Set out exactly every line of the entries below, starting at the line that holds "The Arch of" and stopping after the line that holds "Sydnee Glover, whitworth".

··· Supplied material

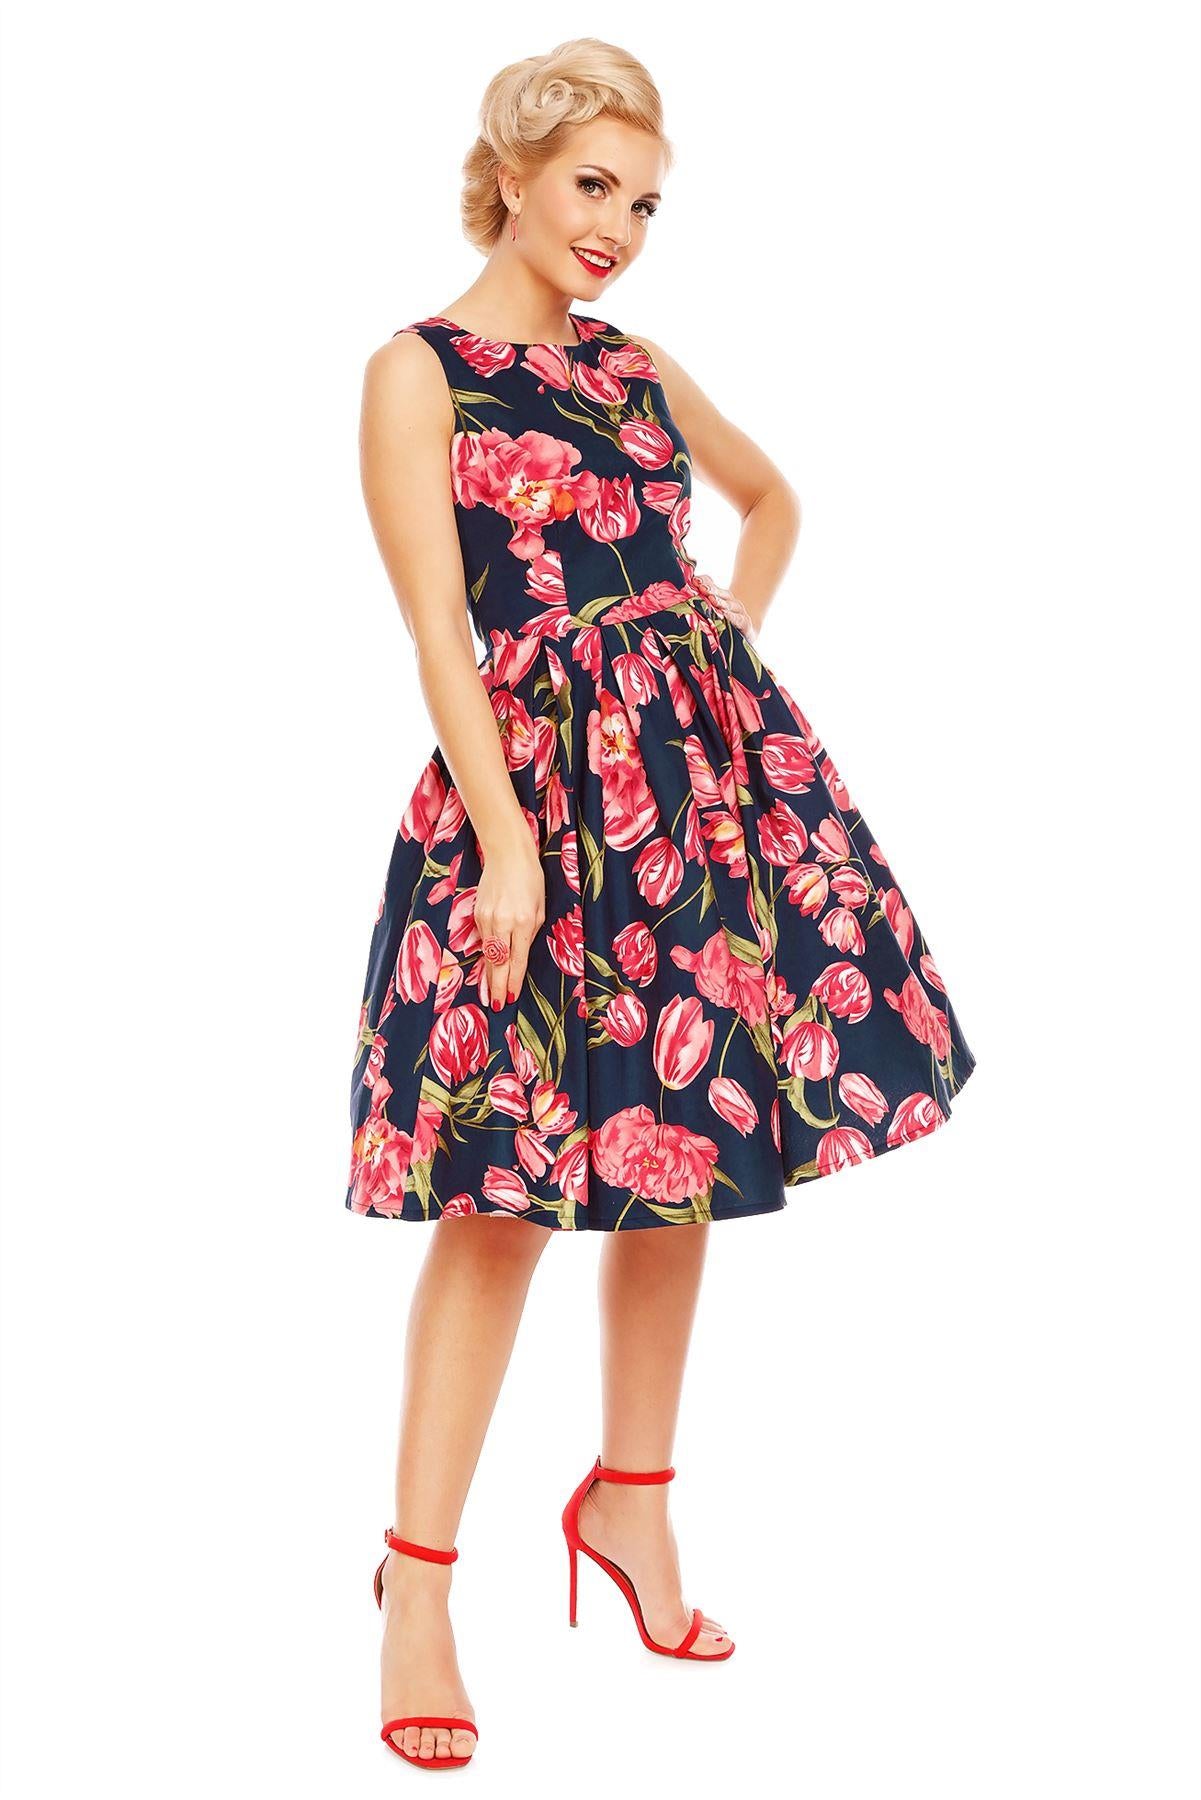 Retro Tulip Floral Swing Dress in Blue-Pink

······
··· Supplied material

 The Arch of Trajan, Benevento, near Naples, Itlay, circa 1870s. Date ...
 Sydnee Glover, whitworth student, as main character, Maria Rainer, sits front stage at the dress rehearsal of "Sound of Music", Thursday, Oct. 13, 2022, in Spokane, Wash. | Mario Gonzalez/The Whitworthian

······

◆ Solution for this task
 The Arch of Trajan, Benevento, near Naples, Itlay, circa 1870s. Date ...
 Sydnee Glover, whitworth student, as main character, Maria Rainer, sits front stage at the dress rehearsal of "Sound of Music", Thursday, Oct. 13, 2022, in Spokane, Wash. | Mario Gonzalez/The Whitworthian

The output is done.